As discussed, RPLC provides a narrow separation space. In some examples, the separation space may be a 3% -5% organic gradient change. Narrow separation can create difficulties when the targeting oligonucleotides are pulled apart and also used to maintain high purity. In some examples, the undesired product may co-elute with the desired product (e.g., targeting oligonucleotide). Unwanted products adversely affect the purity of the targeting oligonucleotide. In addition to narrow separation spaces, RPLCs have other drawbacks/challenges. For example, buffers, modifiers and additives to RPLC (e.g., trimethylamine (TEA) and 1,1,1,3,3,3-hexafluoro-2-propanol (HFIP)) can be toxic, making handling costly and risky. Furthermore, HFIP is expensive regardless of the processing problem. These costs can make RPLC cost prohibitive, requiring other solutions. Generally, high temperatures are required for oligonucleotide separation using RPLC. For example, RPLC may typically require a column temperature of 60 to 90 degrees celsius to allow separation to occur. RPLC also requires long columns, such as 150mm-250mm. A long column can increase the size of the volume of the fraction, which can increase the fraction drying time and the ability to process the sample in a timely manner. The length of time of the RPLC may affect the processes and costs associated with the RPLC. Furthermore, RPLC is typically used only in conjunction with Ultraviolet (UV) detection for the separation step. UV detection results in non-specific analysis. That is, UV absorption is not specific — mass analysis (MS detector) is more specific and can provide higher targeted separation capability.

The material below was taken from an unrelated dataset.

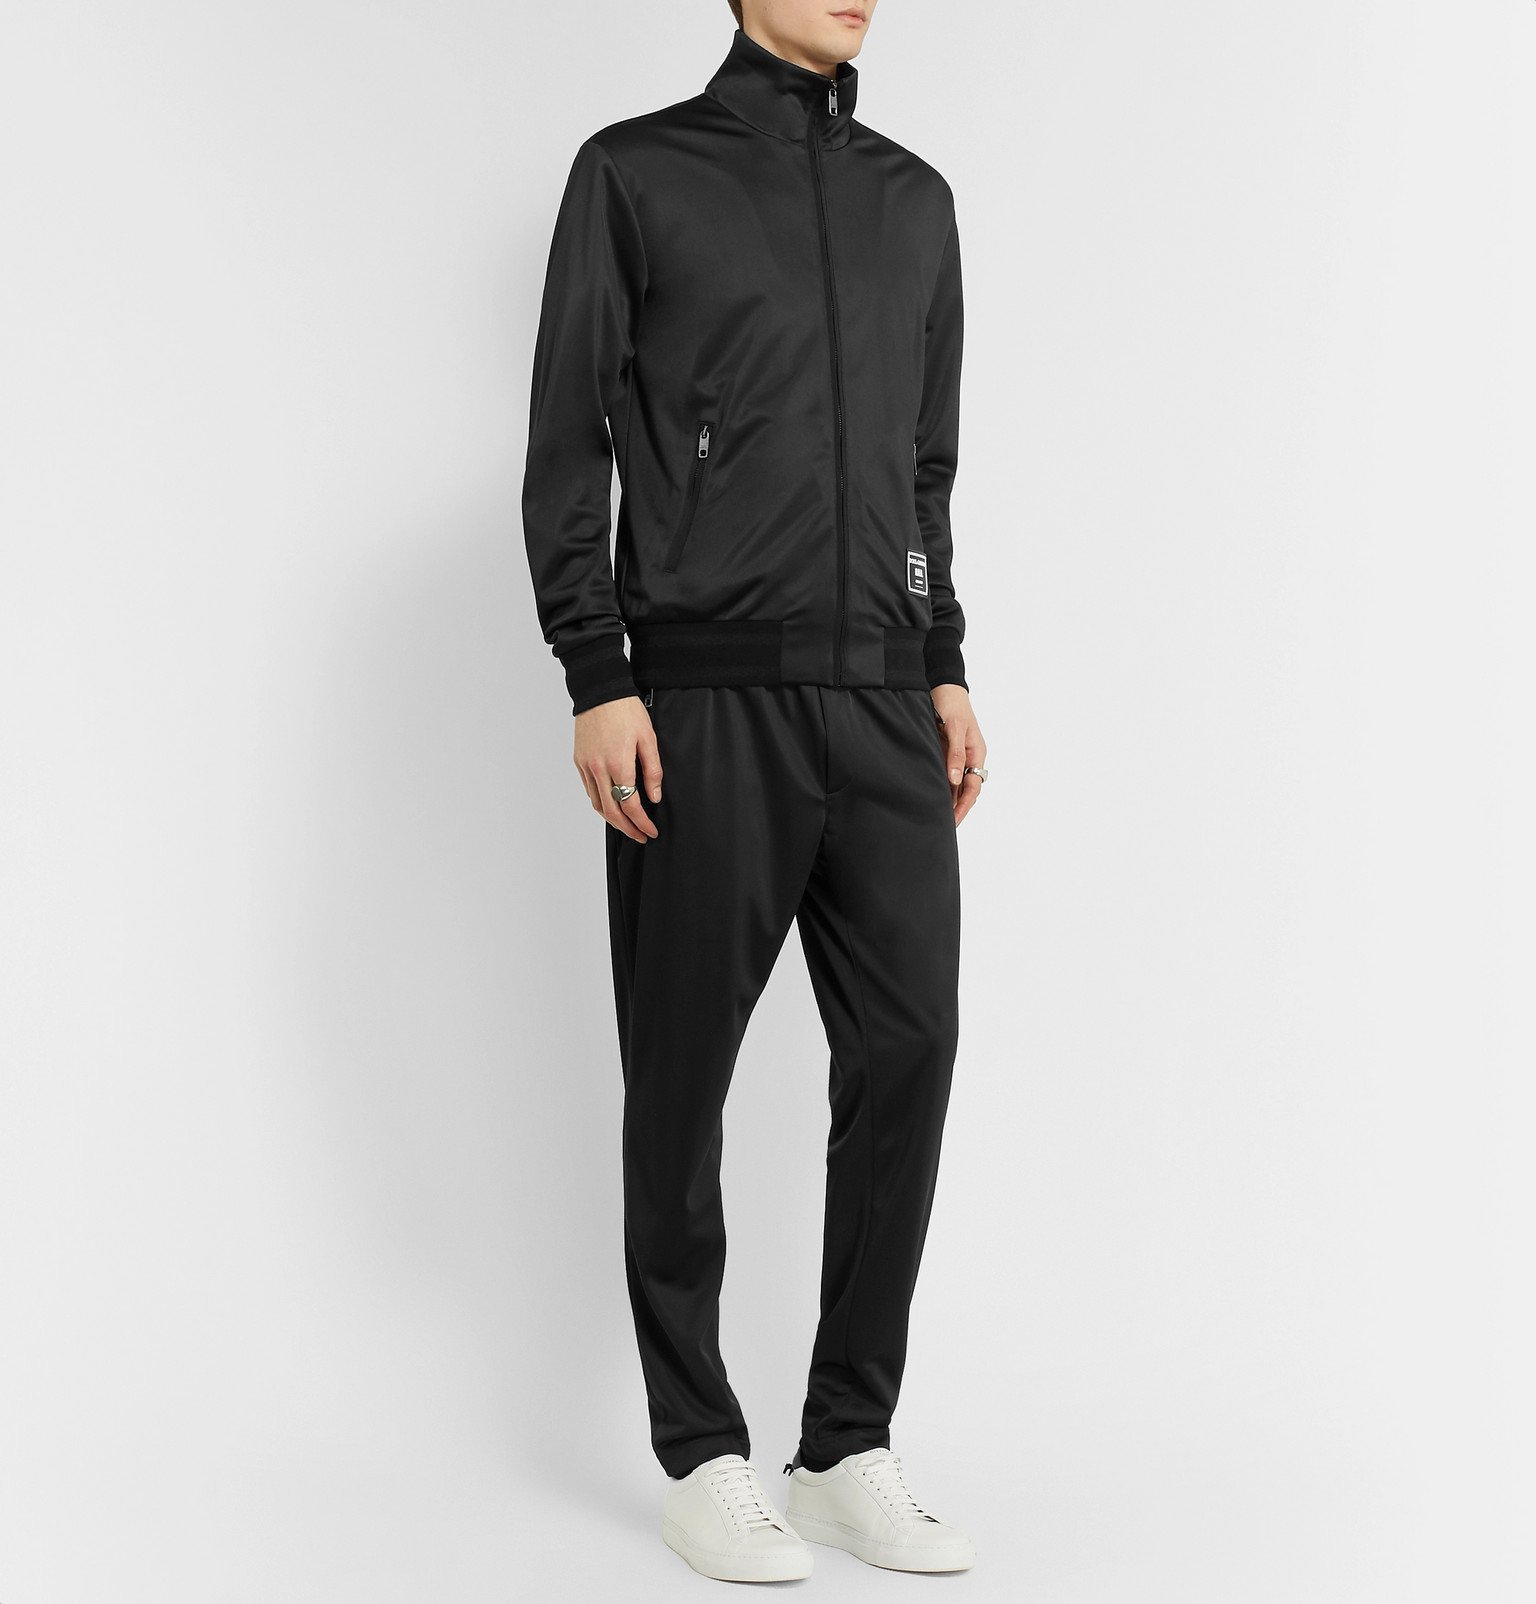 Dolce & Gabbana - Slim-Fit Logo-Appliquéd Satin-Jersey Track Jacket - Black
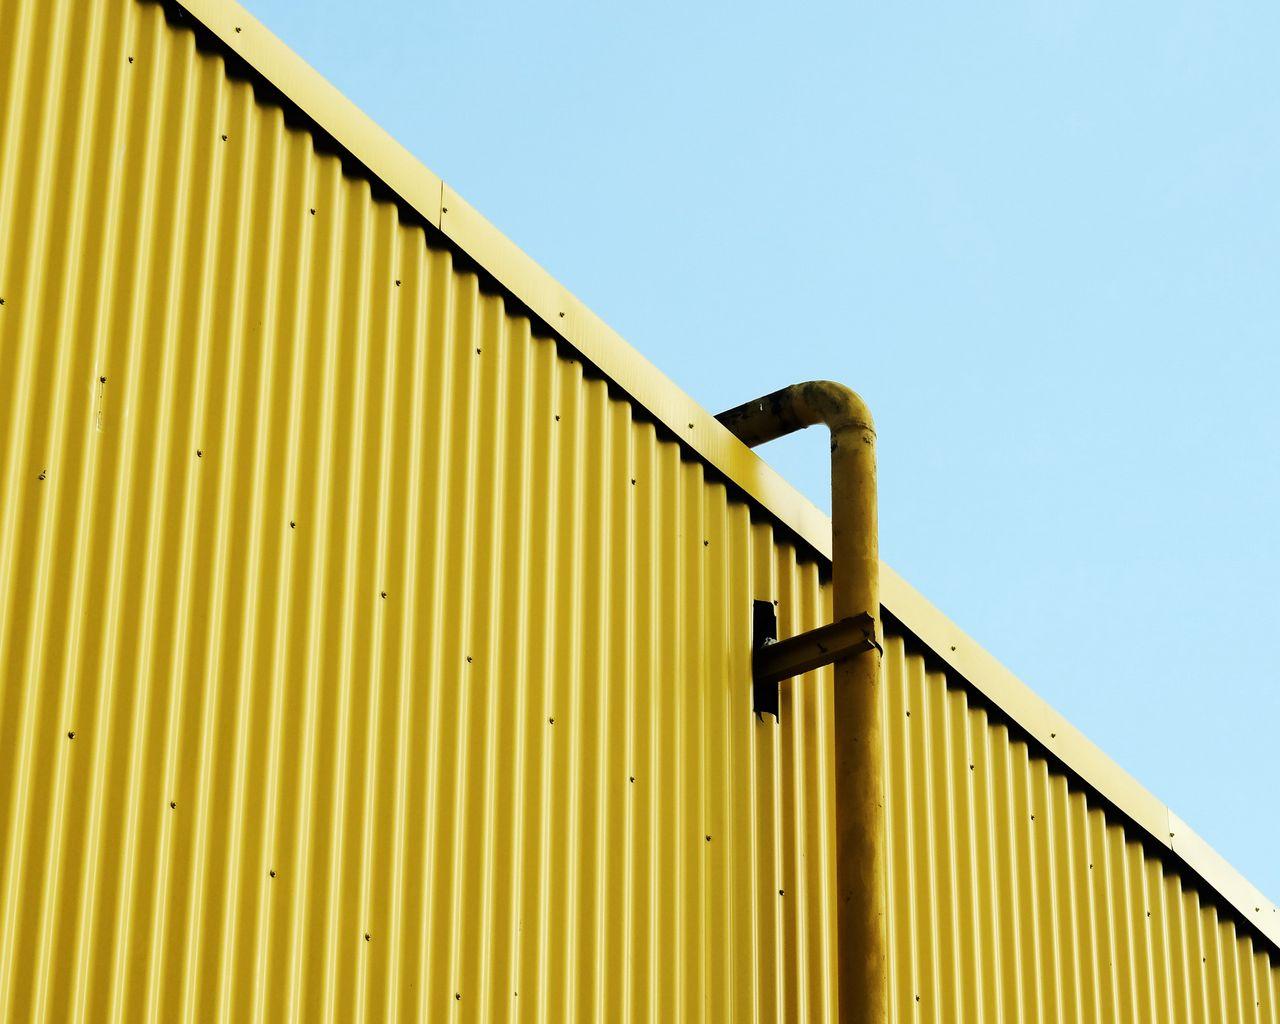 1280x1024 Wallpaper building, pipe, yellow, minimalism

HILIC alleviates the challenges associated with reverse phase chromatographic separation and purification of oligonucleotides. Fig. 1 is a flow chart illustrating a method 100 according to the present disclosure. The method 100 includes optional steps as shown by the dashed lines in fig. 1. The method 100 for HILIC chromatography with mass-directed purification includes screening a crude reaction mixture for a targeting oligonucleotide (102), determining the elution percentage of the targeting oligonucleotide (104), focusing a HILIC elution gradient around the determined elution percentage (106), separating the targeting oligonucleotide (108), purifying the targeting oligonucleotide (110), and optionally running an orthogonal method for further analysis, such as fraction analysis (112).

In some examples, screening for targeting oligonucleotides (102) may be referred to as a detection run. The detection run can help determine the appropriate gradient for separating the targeting oligonucleotides. HILIC separation using oligonucleotides almost eliminates the narrow separation space problem experienced by RPLC. Although 3% -5% of the total screening separation space (e.g., a gradient of 7% -12%) is available in RPLC technology, 5% -50% or more (i.e., 45% in total) of the wide space is available for screening targeting oligonucleotides in the methods of the present disclosure (102). A screening gradient with a wide range of eluents provides the method of the invention with a sufficiently wide distribution of crude reaction mixture to determine the percentage of elution of the targeting oligonucleotide (104). The retention time of the oligonucleotide product as well as the system and column volume and gradient slope were used to develop the focusing gradient. To separate the targeting oligonucleotide (108), focusing the gradient around the percentage of oligonucleotide elution (106) increases the degree of separation between the product and its tightly eluting contaminant peak and increases the likelihood of obtaining a pure product. The size of the screening gradient can vary. For example, the screening gradient used for the initial analysis may be 5% to 50% or 5% to 95% of a strong solvent. The screening gradient may enable oligonucleotide separation to be subsequently performed using a focused gradient having a shallow slope (e.g., 0.2% -0.4% per column volume) and a range around the percent of target product elution. The range around the target product elution percentage may vary. For example, the range may be 8% with 5% below and 3% above the target to ensure separation of the targeting oligonucleotides.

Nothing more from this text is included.